| Problem to solve |
Transcribe the listing in full, word for word; pictures do not belong in the copy.

| Recorded data |
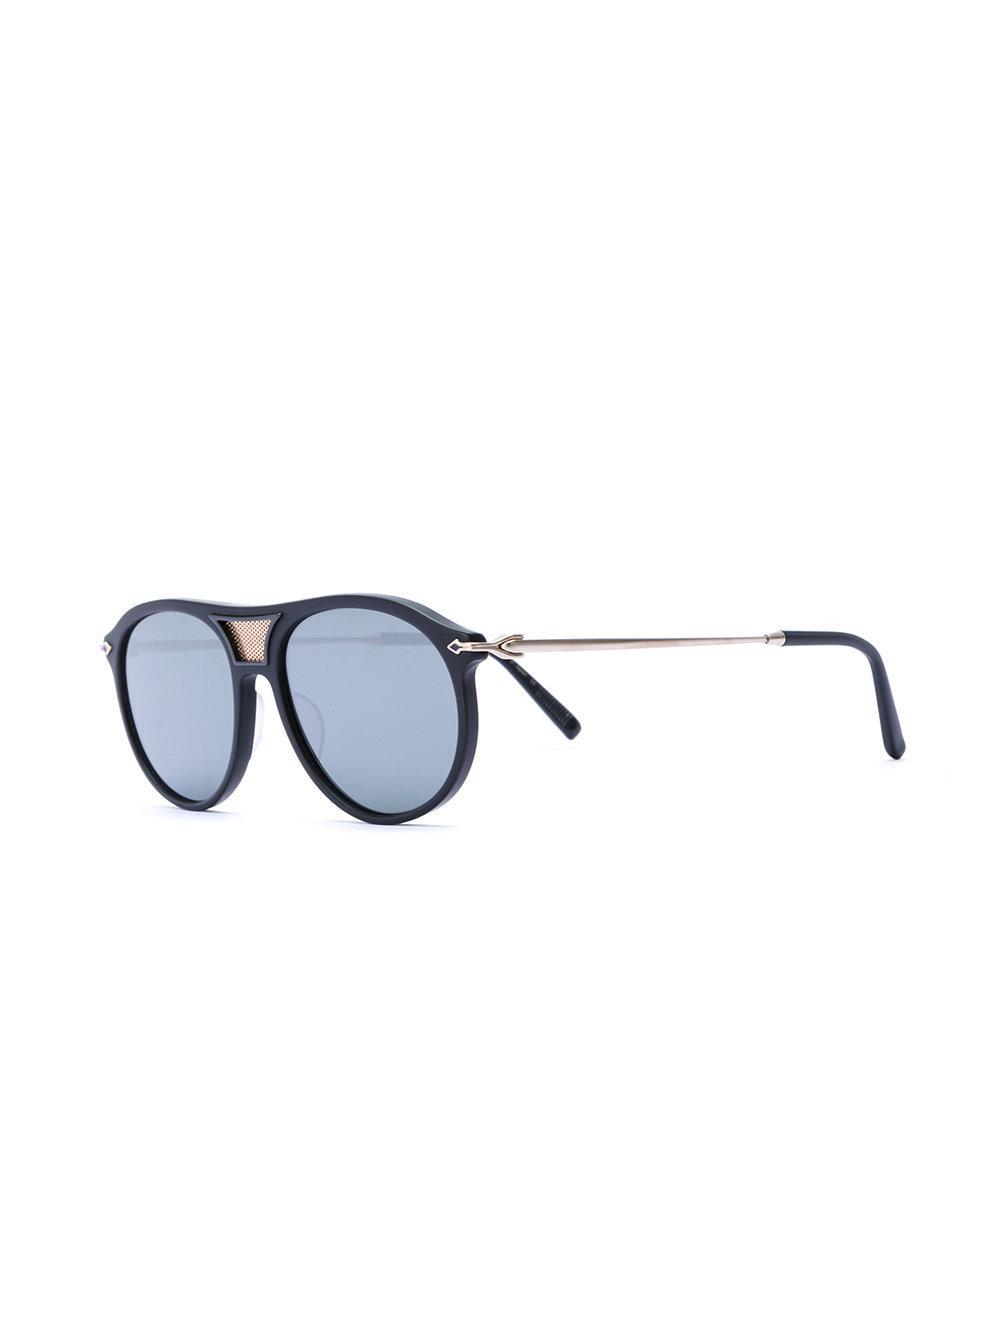 001c5be003168 matsuda-Black-Aviator-Sunglasses-With -Detachable-Leather-Side-Shield-Clip.jpeg
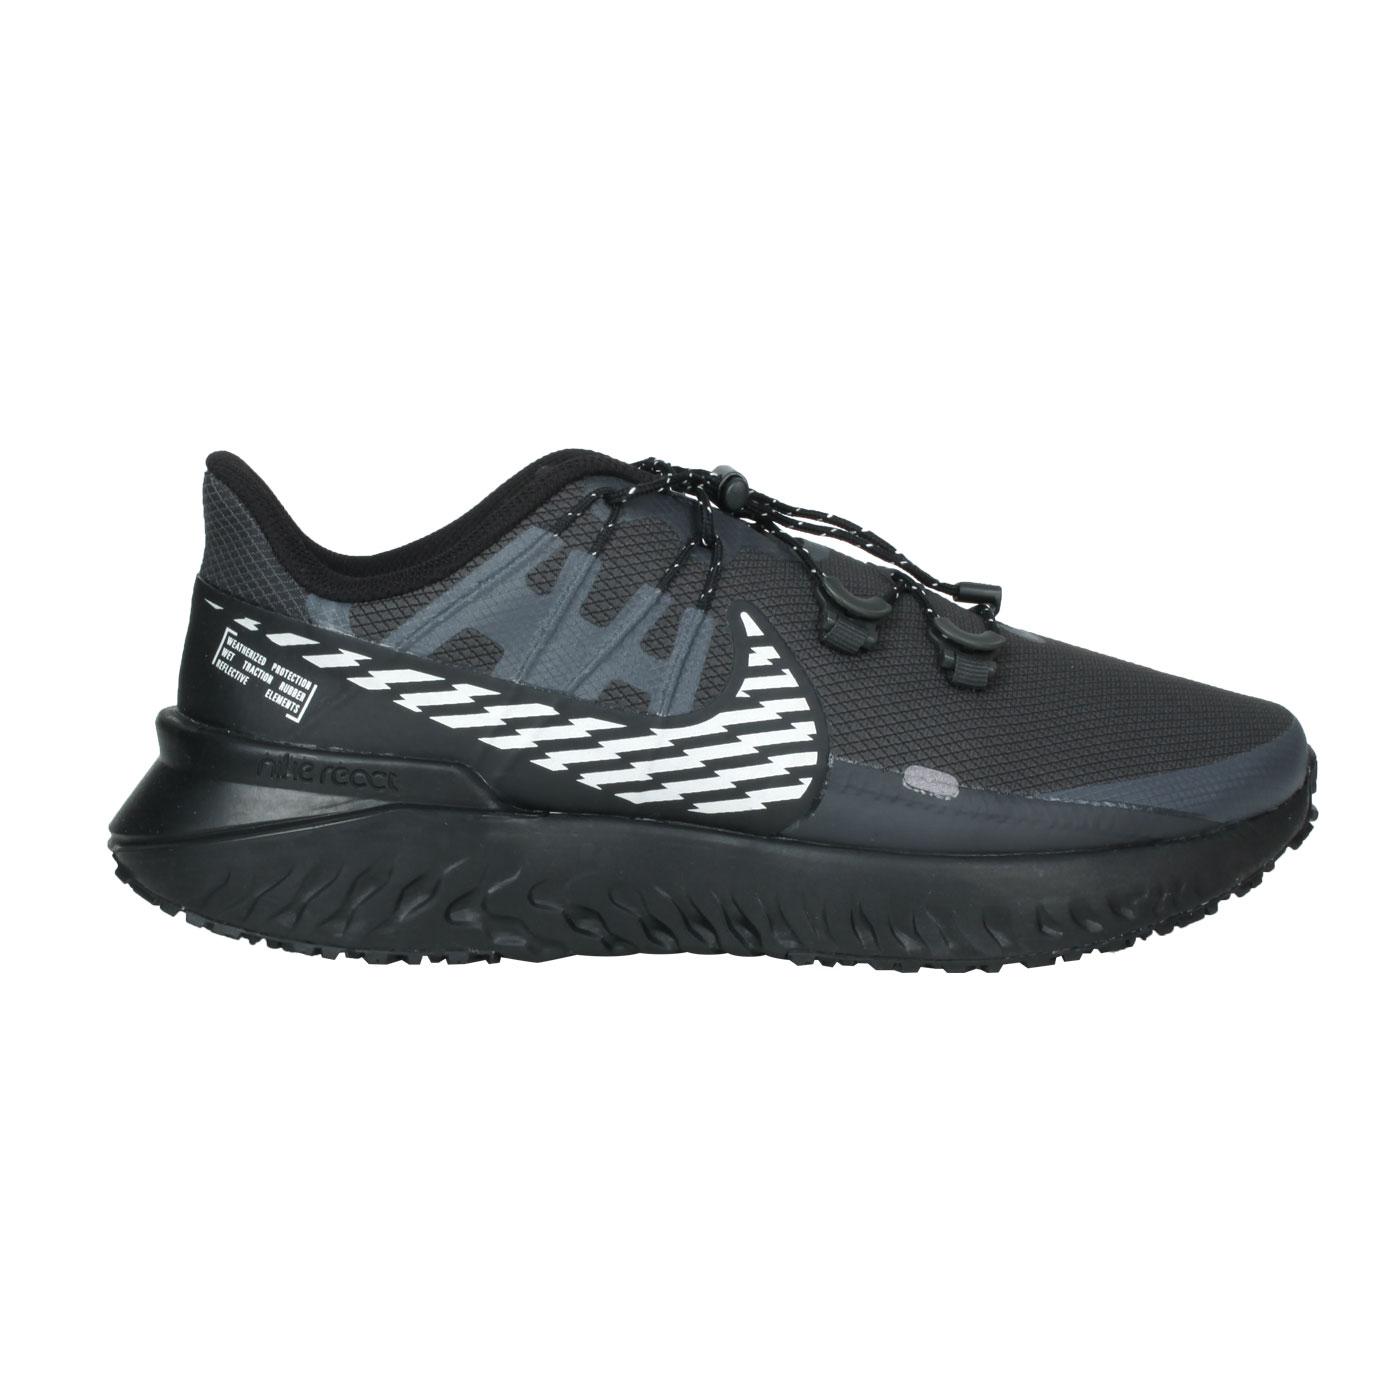 NIKE 男款休閒運動鞋  @LEGEND REACT 3 SHIELD@CU3864002
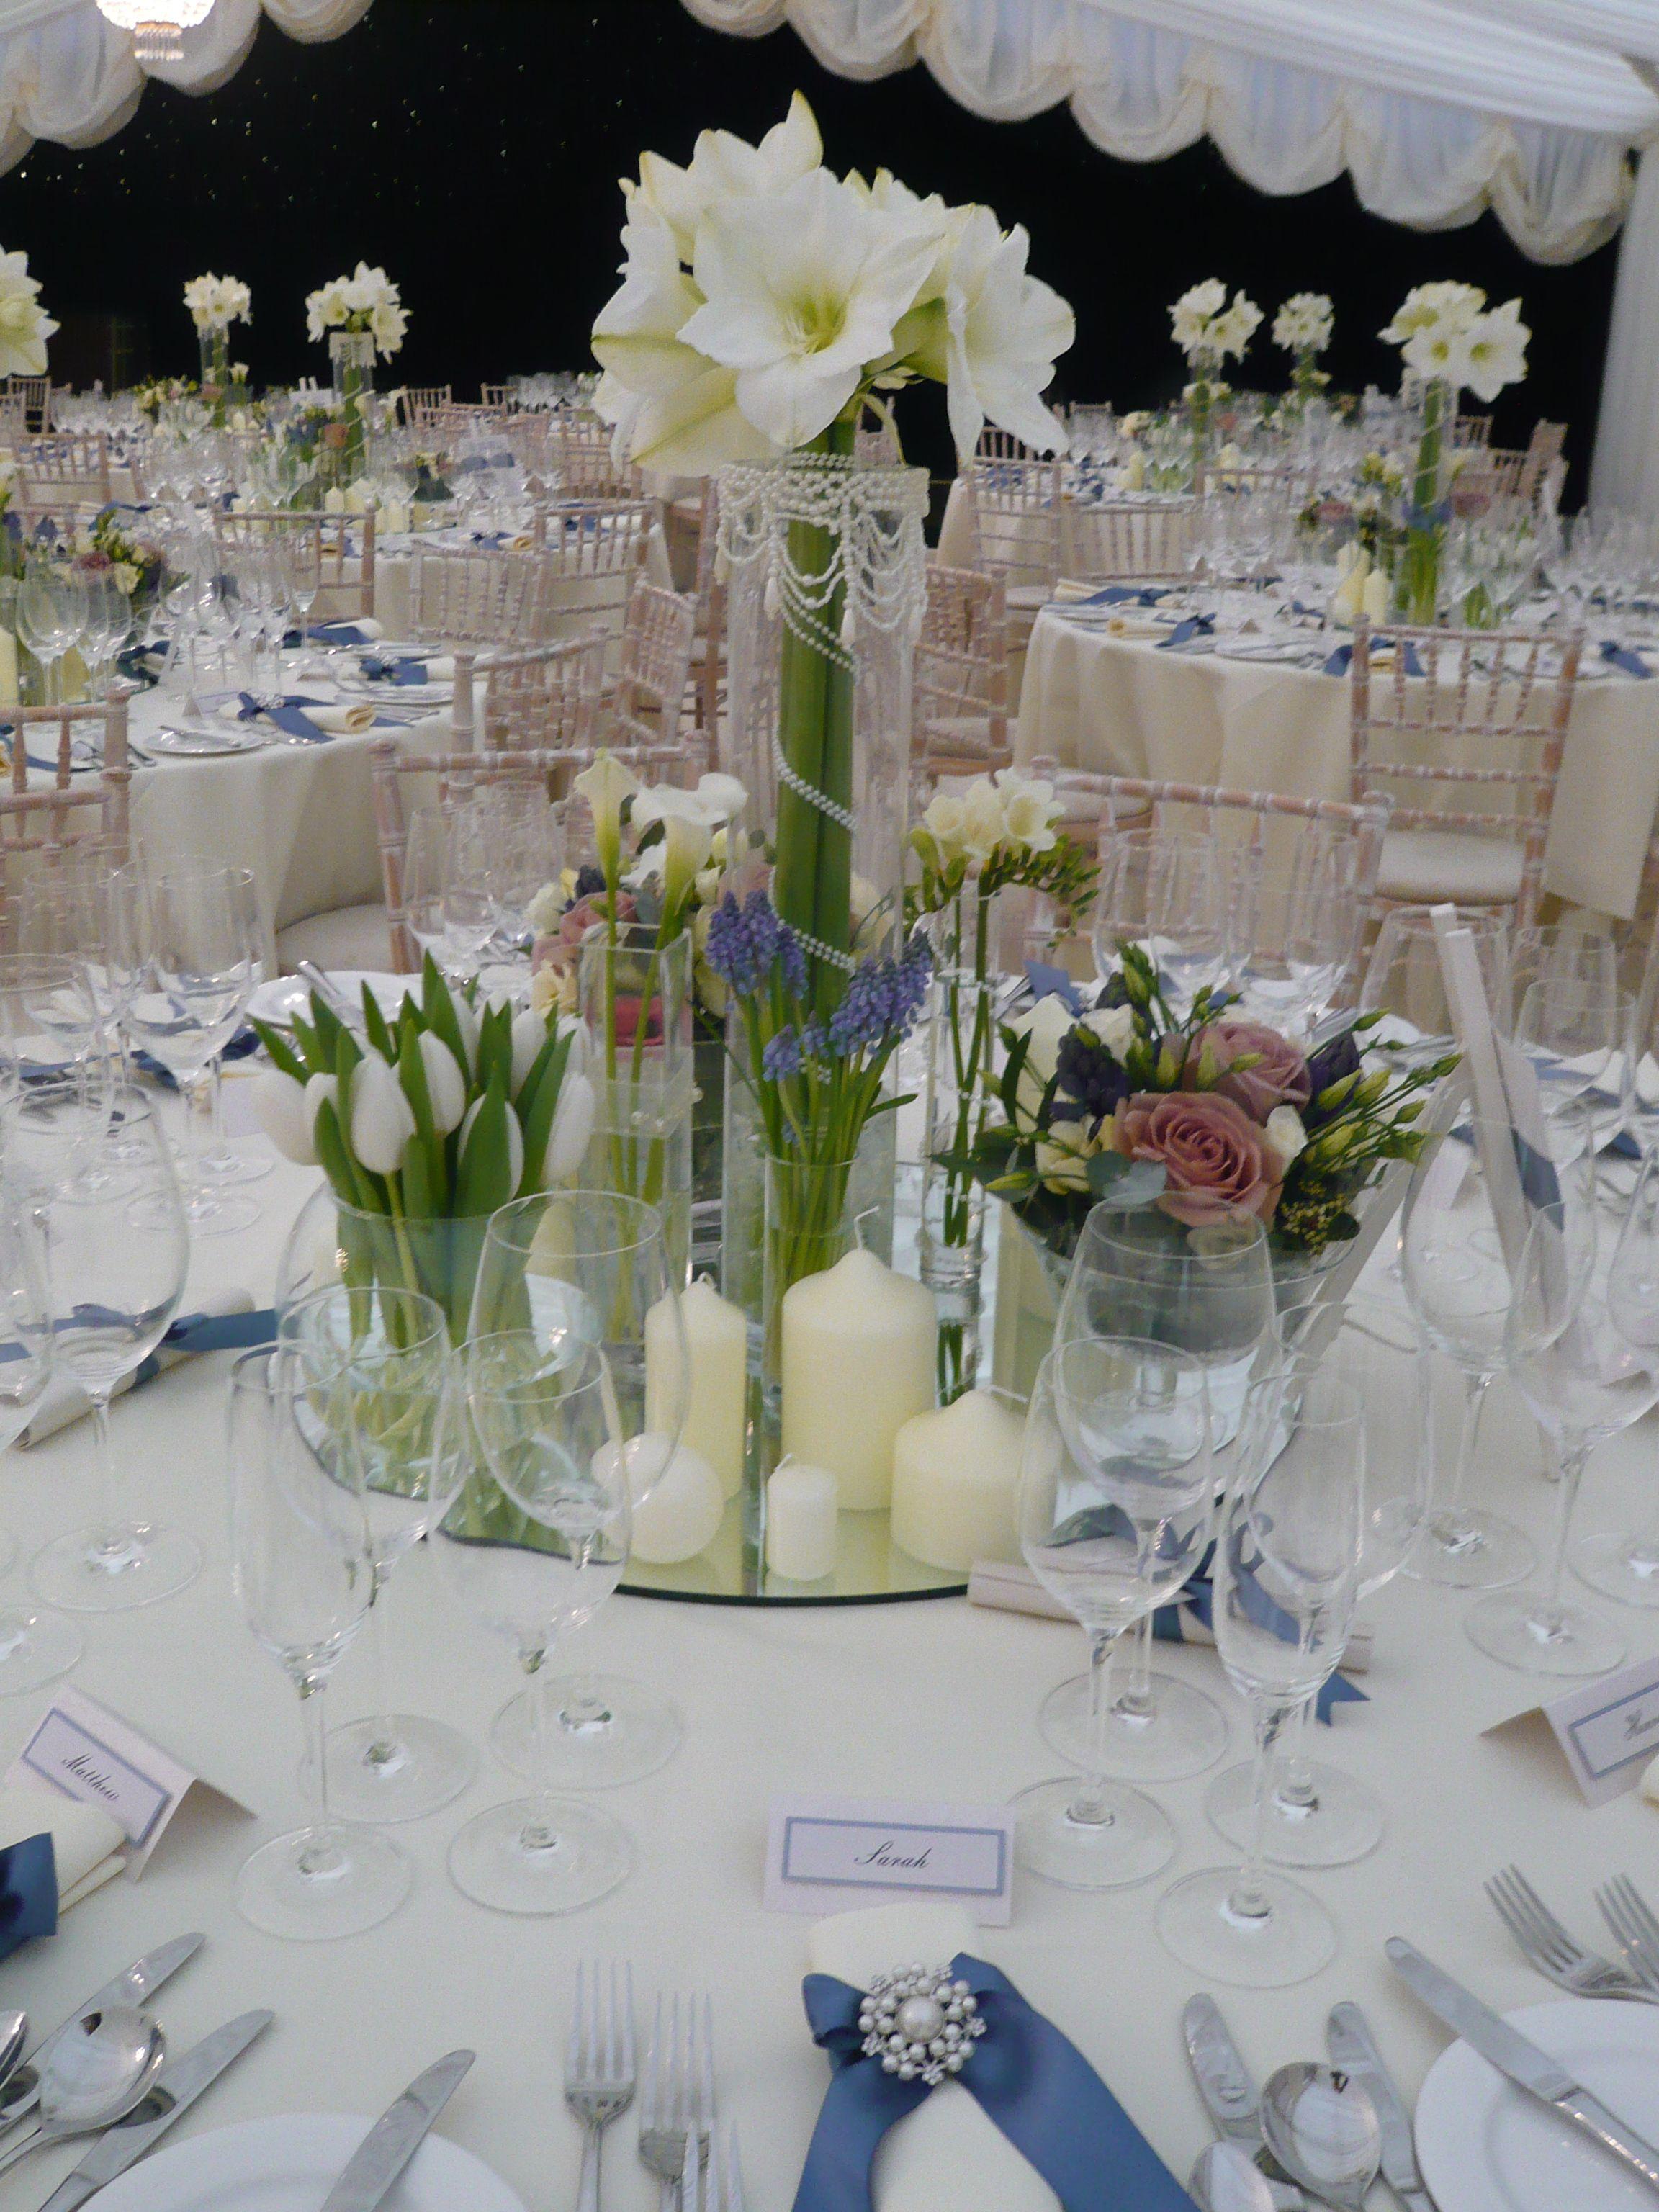 Beautiful Wedding Table Setting By Www Tophatmarquees Co Uk Wedding Table Settings Wedding Table Marquee Wedding

| Solution to this exercise |
 001c5be003168 matsuda-Black-Aviator-Sunglasses-With -Detachable-Leather-Side-Shield-Clip.jpeg
 NIKE 男款休閒運動鞋  @LEGEND REACT 3 SHIELD@CU3864002
 Beautiful Wedding Table Setting By Www Tophatmarquees Co Uk Wedding Table Settings Wedding Table Marquee Wedding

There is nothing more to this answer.